1. As much as my parents expected total obedience, it was good of us to push back every now and then. As a kid, I only knew how to scream "its not fair!" and throw tantrums that got me in trouble. As a teen, I learned that I could come to them with a well thought out counter-argument and they might be willing to negotiate. A good skill to learn as I was growing older.
My parents would often tell me a kid that if I hadnt acted out and just talked to them, they might have reconsidered. Theyd say things like "I was thinking of changing my mind, but then you threw a fit" and I would feel so angry at myself for ruining my own chances. So I started trying extra hard to be perfectly obedient and not raise a fuss about anything. But then I had to live with all their decisions. I realized as I grew up that they were just waiting for me to stand up for myself in a mature way. They didnt want me to throw tantrums but they also didnt want me to be a doormat.
This skill started to come in handy in high school as my parents started to encourage me to speak up for myself instead of them doing it for me. If I had an issue with a teacher or other adult, I needed to go in and assert myself in a professional manner. If I was still a doormat, then I wouldnt have gotten near as many opportunities or been able to argue grades and stand up for my decisions.
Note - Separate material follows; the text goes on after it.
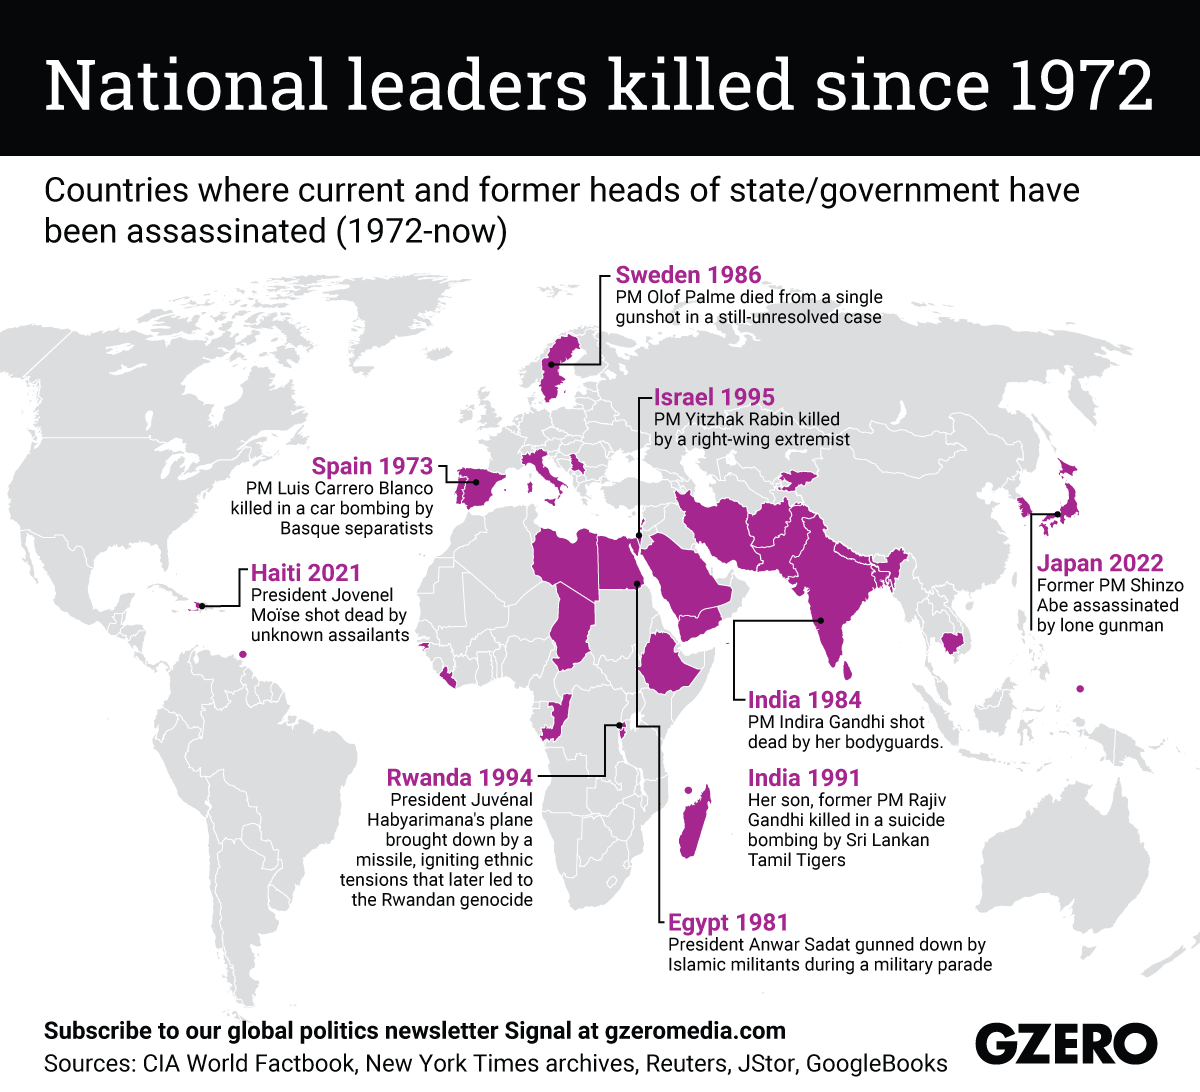 National Leaders Killed since 1972

2. Totally true. Sometimes theres traits you see in a child that need to be corrected or redirected when they are young, but that show you they have potential for later down the road. For example, children with natural leadership qualities might be a little too pushy or bossy for their fellow sensitive peers when they are toddler aged. But if you can direct those qualities as they grow up, they might turn into great leaders. Children who are of gifted intelligence might be show offs, know it alls, or be seen as condescending of their peers and as a smartass by their teachers. When theyre little, its cute to show off that you have such a precocious child. As they get older you need to teach them to be more respectful and understand that not everyones brain works as fast as theirs.If these types of children are given the chance to be bored, they might get into a lot more trouble than your typical, average "good" teachers pet like kid. But despite not always being the favorite student, they are often praised by teachers because the teachers can see their potential.